7. The fiber processing machine as defined in claim 6, wherein said fourth means comprises

(a) a regulator connected to said pressure sensor for receiving signals from said pressure sensor;

(b) a nominal value setter connected to said regulator; and

(c) a setting member connected to said regulator for receiving signals from said regulator as a function of pressure sensor signals and nominal values applied to said regulator by said nominal value setter; said setting member being connected to said second means for moving said second means as a function of signals received from said setting member.

8. The fiber processing machine as defined in claim 1, further comprising a duct composed of first and second duct portions for guiding the air stream onto and away from said roll, respectively; further wherein said second means comprises a movable flow rate adjusting element supported in said duct.

9. The fiber processing machine as defined in claim 8, wherein said fiber removal opening has upstream and downstream ends as viewed in said direction of rotation; further wherein the adjusting element is arranged at said upstream end.
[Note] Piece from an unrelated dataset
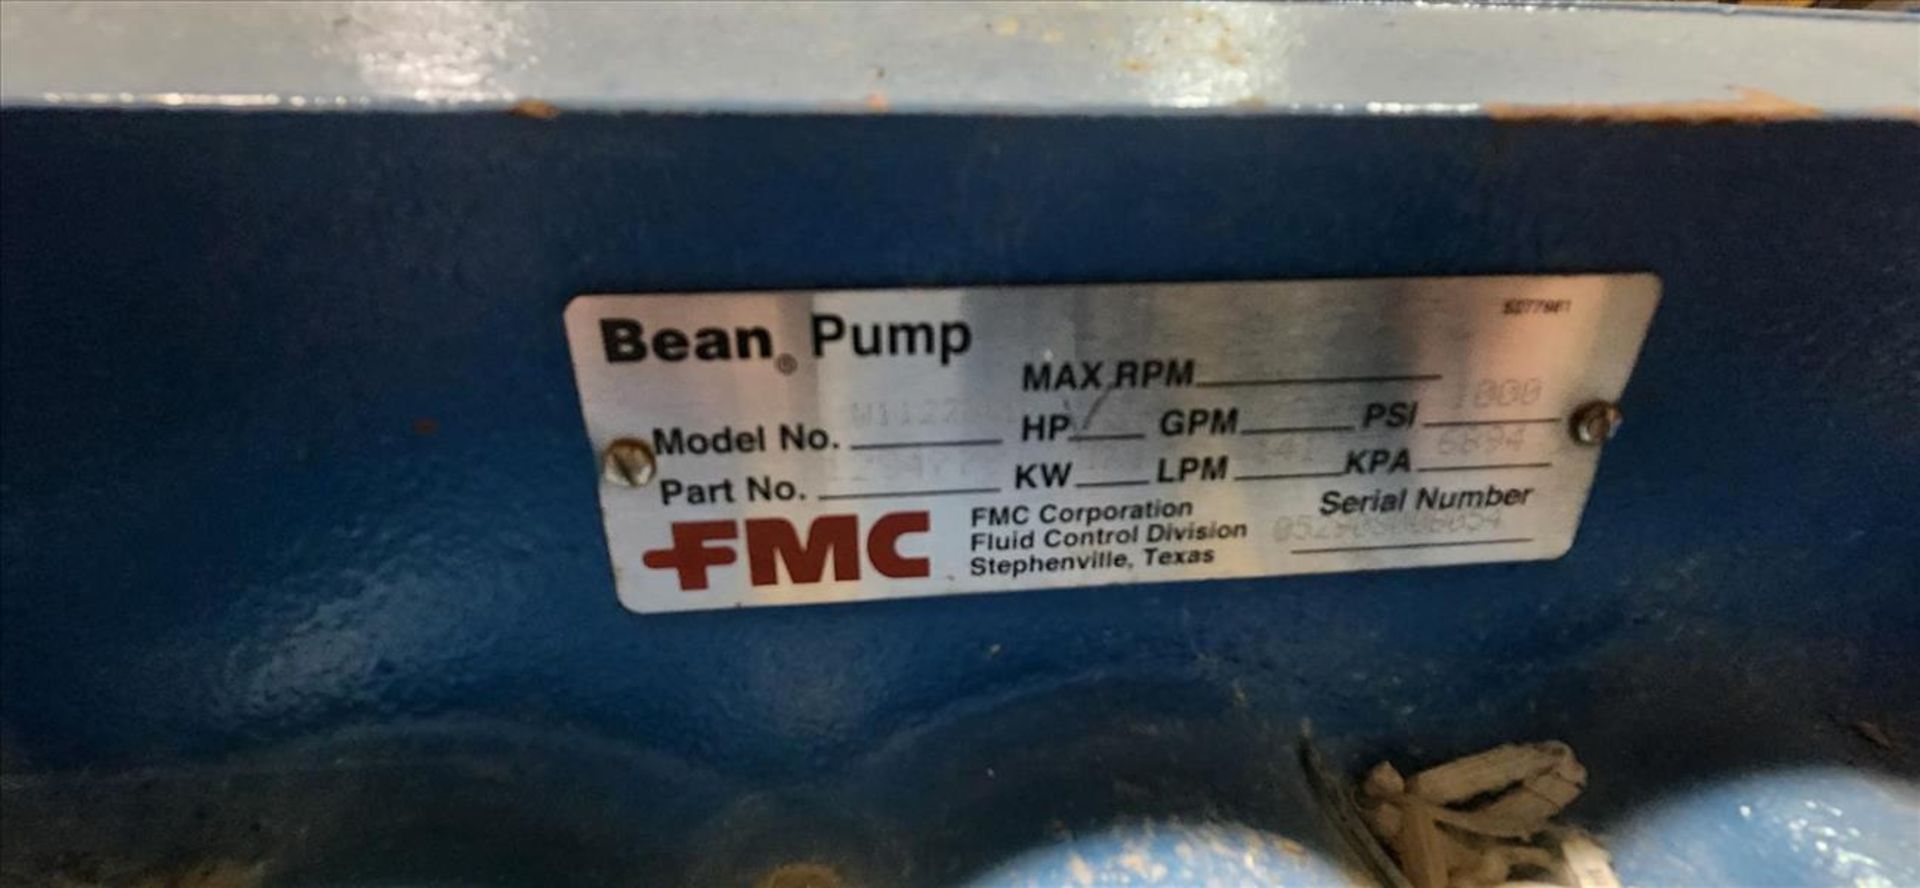 FMC bean pump, mod. W11225CD (Asset Location: Hallnor Yard) {Day 1} [TAG 1237 / LOC 128155-4] - Image 2 of 2

10. The fiber processing machine as defined in claim 1, further comprising

(a) an air outlet opening provided in said roll cover and adjoining said waste discharge opening downstream thereof; and

(b) an additional hood communicating with said air outlet opening for withdrawing air therethrough.

11. The fiber processing machine as defined in claim 10, further comprising means for varying a flow passage area of said air outlet opening.

12. The fiber processing machine as defined in claim 1, wherein said second means comprises a rotatably supported vane.

13. The fiber processing machine as defined in claim 12, wherein said vane is arranged for varying a gap defined between said roll and said vane.

14. The fiber processing machine as defined in claim 12, wherein said vane is rotatably supported in said roll cover.

15. In a fiber processing machine including

a clothed roll having a direction of rotation and entraining fiber material thereon;

a roll cover circumferentially partially surrounding said roll and defining an annular clearance therewith;

a transfer opening provided in said roll cover for admitting fiber material to said roll;

a fiber removal opening provided in said roll cover downstream of said transfer opening as viewed in said direction of rotation; and

first means for generating an air stream for doffing fiber material from said roll and for discharging doffed fiber material through said fiber removal opening;

the improvement comprising second means for varying a strength of said air stream at said fiber removal opening.